The Local Planning Commission: Still Hindering Progress Toward Walkability
In the movement for sustainable transportation, it’s often the sexy stories that monopolize our attention: crazy anti-transit politicians, re-imagining streets for safer biking and walking, potential freeway teardowns.
But a lot of the time, when livability and active transportation come under assault, it’s in rather mundane circumstances. As this example from suburban Atlanta goes to show, some of the most consequential battlegrounds are still the local planning commissions and zoning boards.
Network blog Decatur Metro offers the case of the Decatur City Commission’s consideration of a new ordinance to allow family daycares on two major thoroughfares. Watch how quickly and ruthlessly the value of walkability is undermined, on the grounds of neighbors’ imagined complaints:
The issue at hand is the lot size requirement in the proposed ordinance, because while the state regulates 35 square feet per child of indoor space, there is no outdoor requirement. In response to an unrecorded question from commission member Scott Doyon, [Planning Director Amanda] Thompson explained that she had recommended a 10,000 square foot lot size “because it would allow an adequate play space as well as a buffer between neighboring properties.”
Mr. Doyon responded by suggesting an “incremental lot size requirement based on the size of the lot” and “stated that residents who live in neighborhoods with smaller lots would appreciate being able to walk to a family day care and that requiring a larger lot size would prevent this use from being established in most Decatur neighborhoods.”
However, no one else on the commission agreed with Mr. Doyon and the amendment passed with the 10,000 lot size requirement included.

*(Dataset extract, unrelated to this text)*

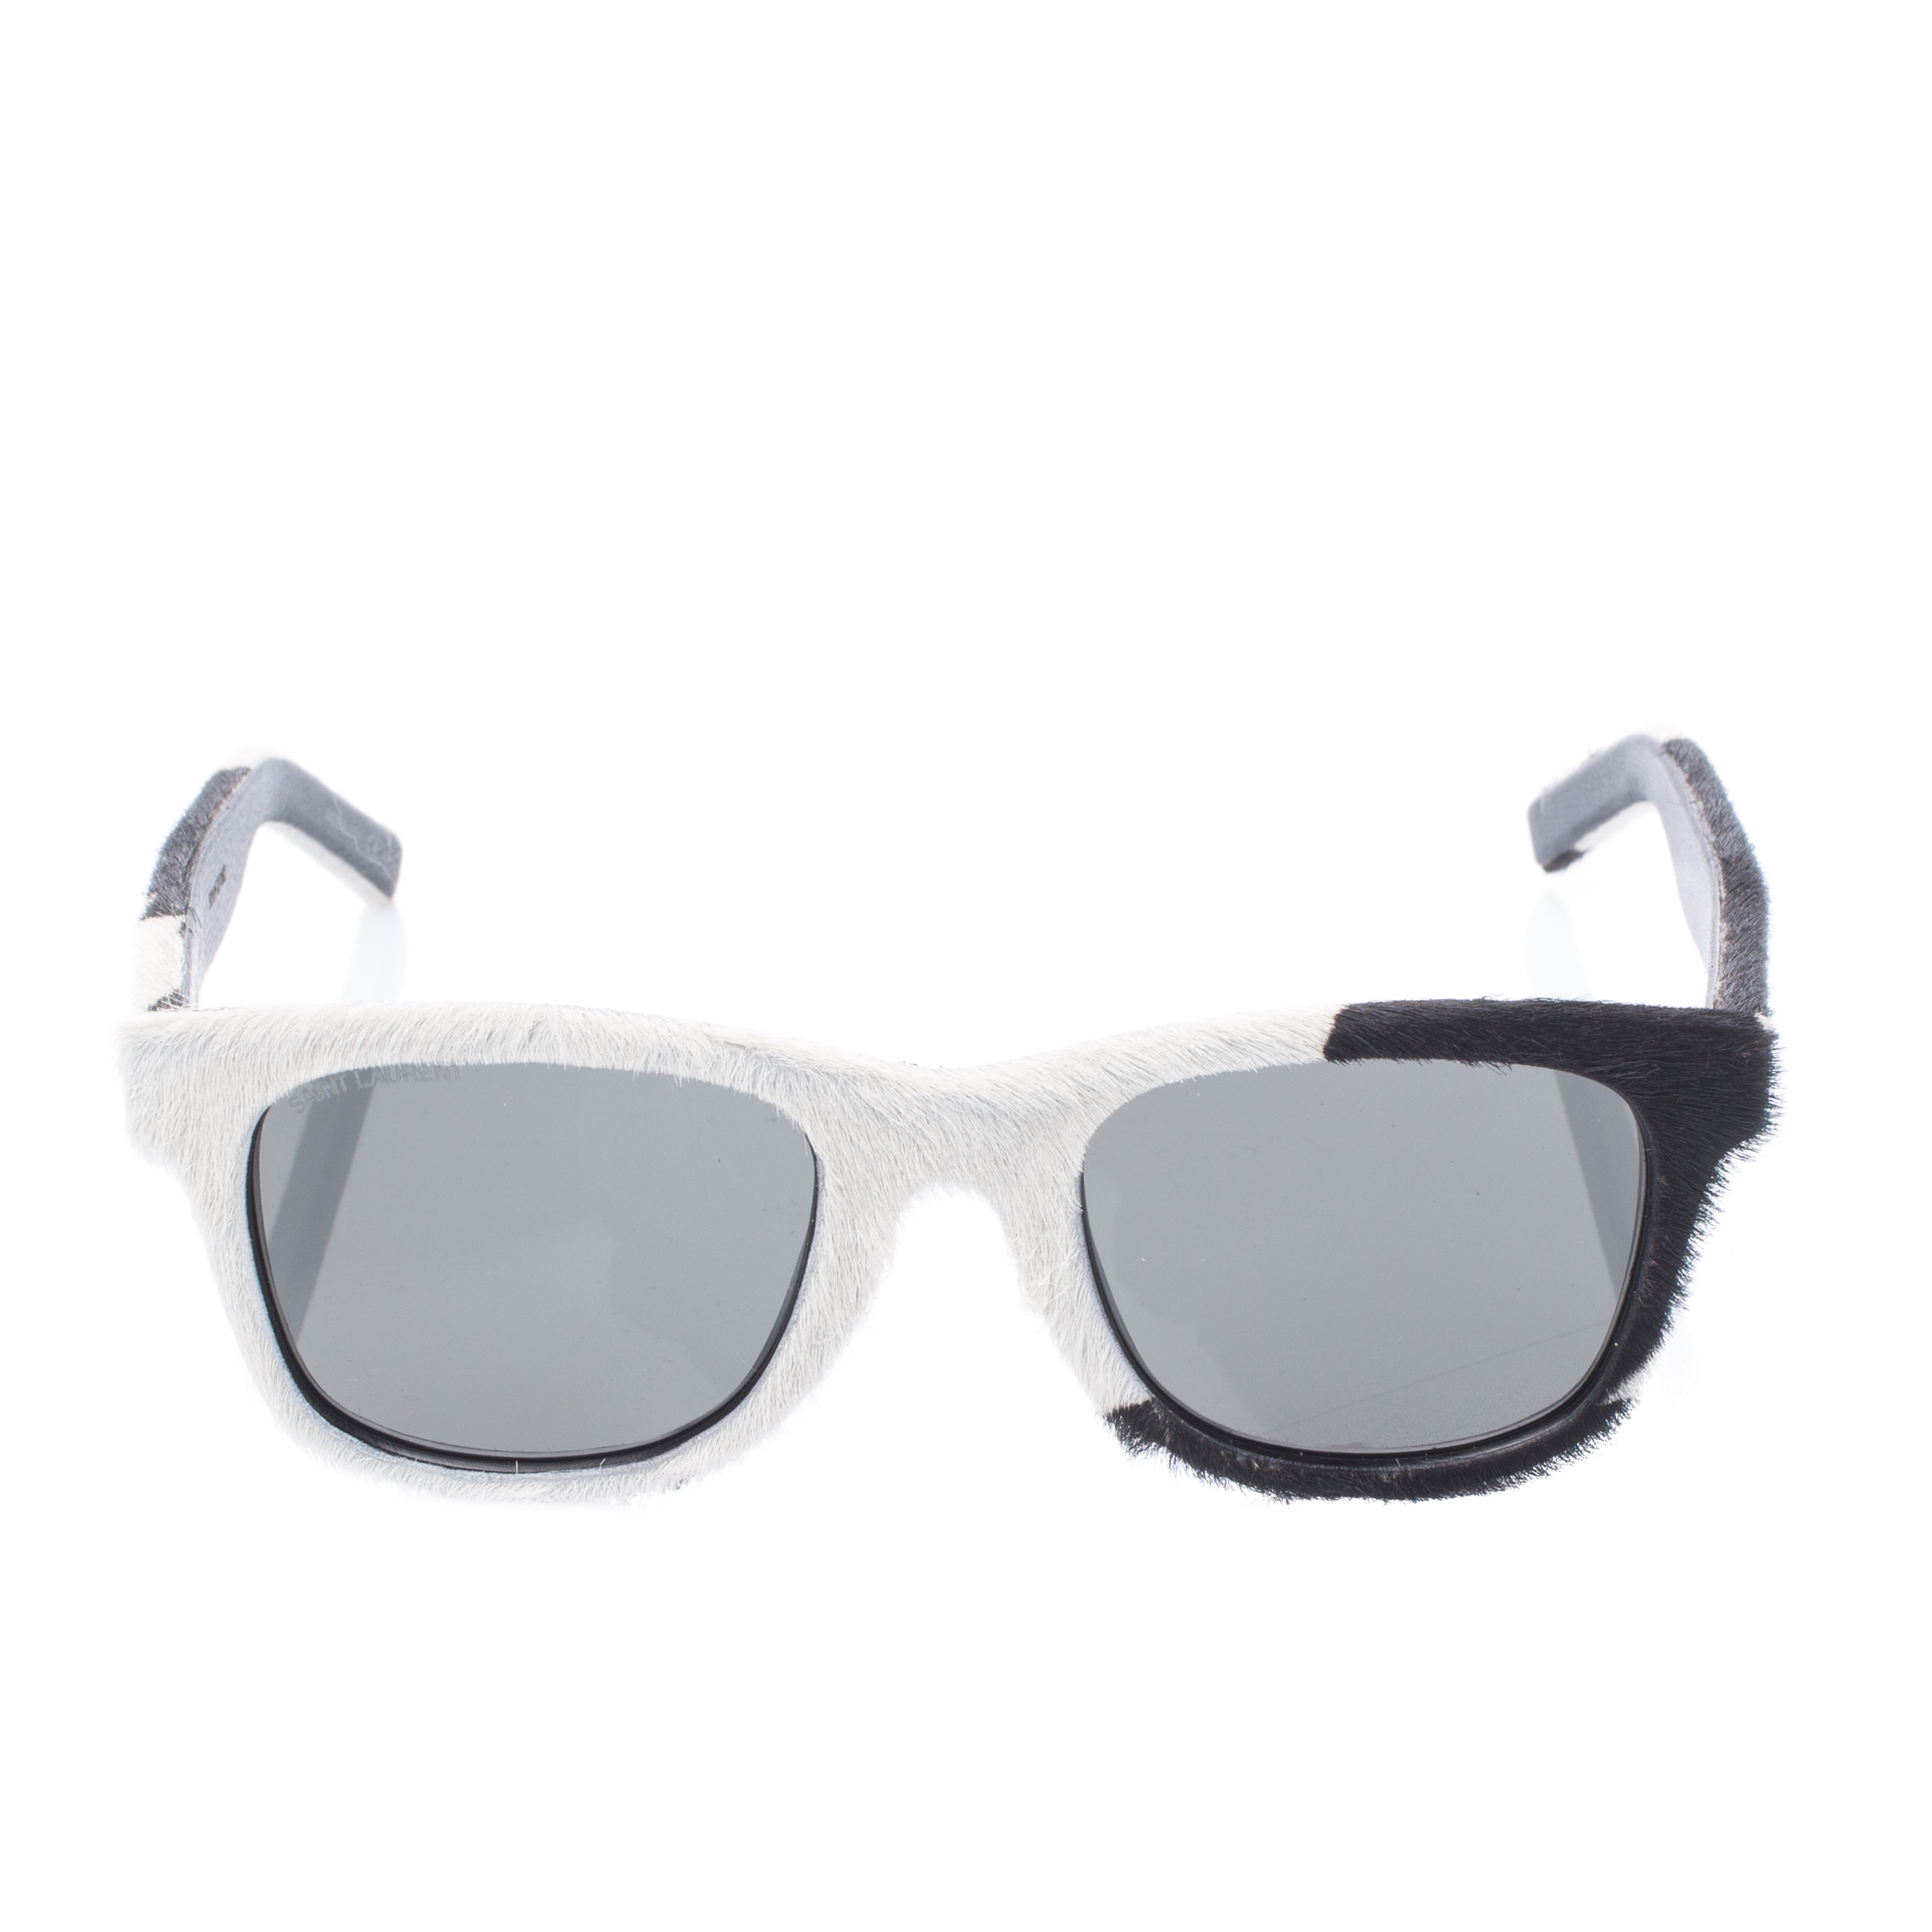 

Saint Laurent Calf Hair / Black Classic SL51 Wayfarer Sunglasses
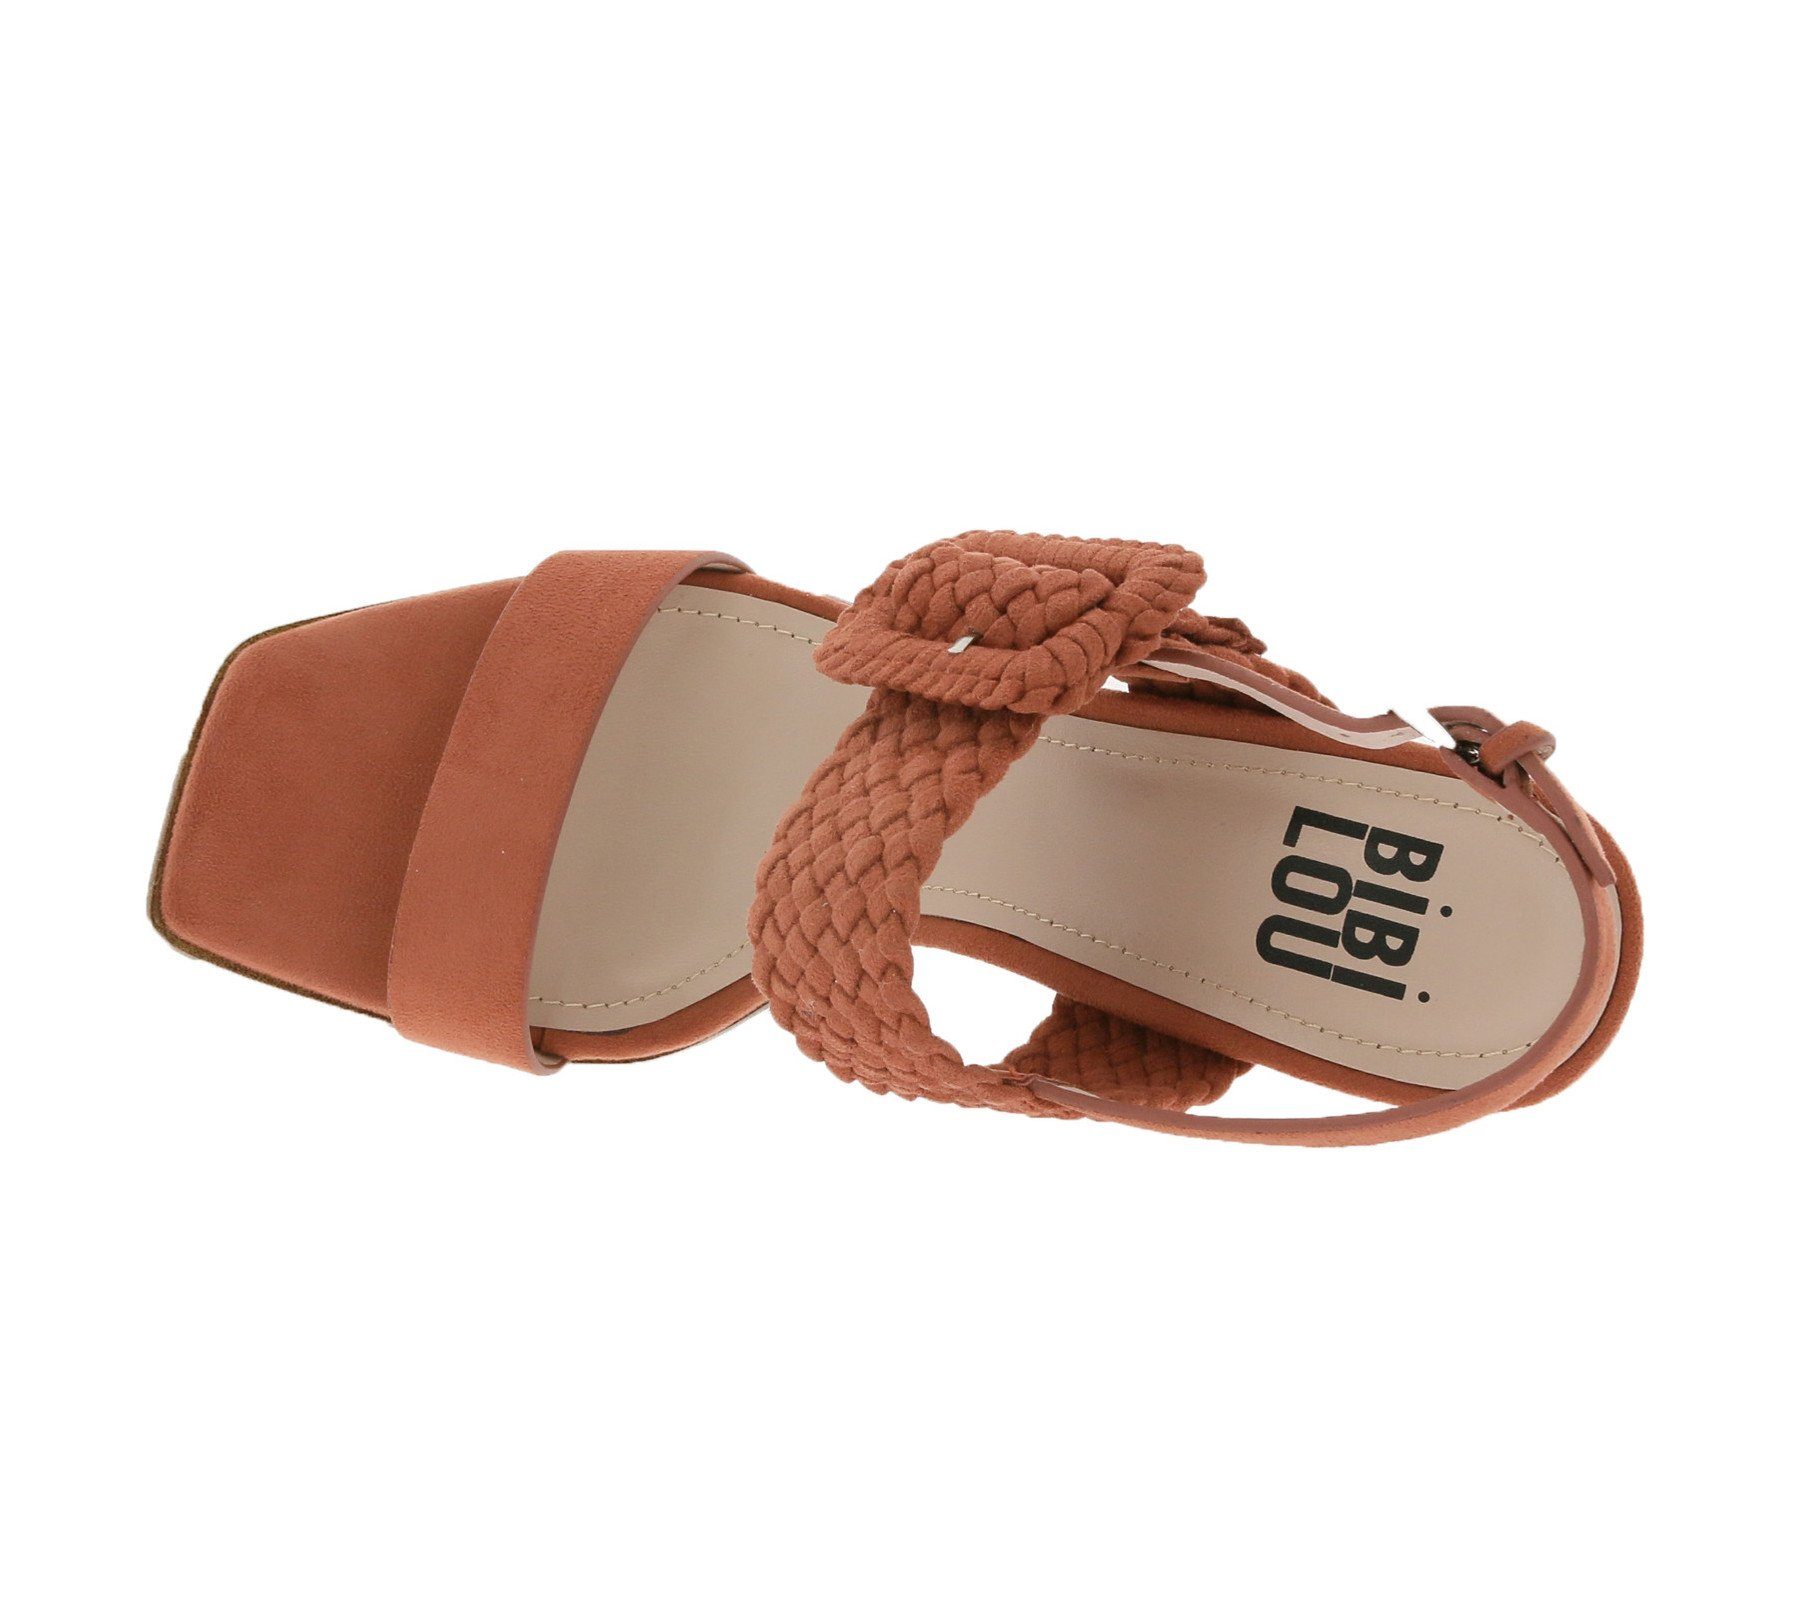 Bibi Lou BIBI LOU Absatz-Sandalen Dunkelrosa schicke mit Damen Sandalette geflochtenen Outdoorschuh Freizeit-Sandalette Verzierungen

It’s in instances like this one where the attention of citizen bloggers can be so crucial in highlighting the well-intentioned but ultimately insidious decisions of ill-informed public servants. In daycare-starved Decatur, this is one more barrier to walking and inducement to drive.
Also on the Network today: KCBike.info congratulates the city of Independence, Missouri on its new anti-harassment law protecting cyclists, walkers and wheelchair users. The Bike Sharing Blog discusses the long road that led to DC’s bike sharing program, which made its debut yesterday. Cyclelicious remarks on Santa Rosa, California’s installation of a bike-activated beacon warning motorists of the presence of cyclists.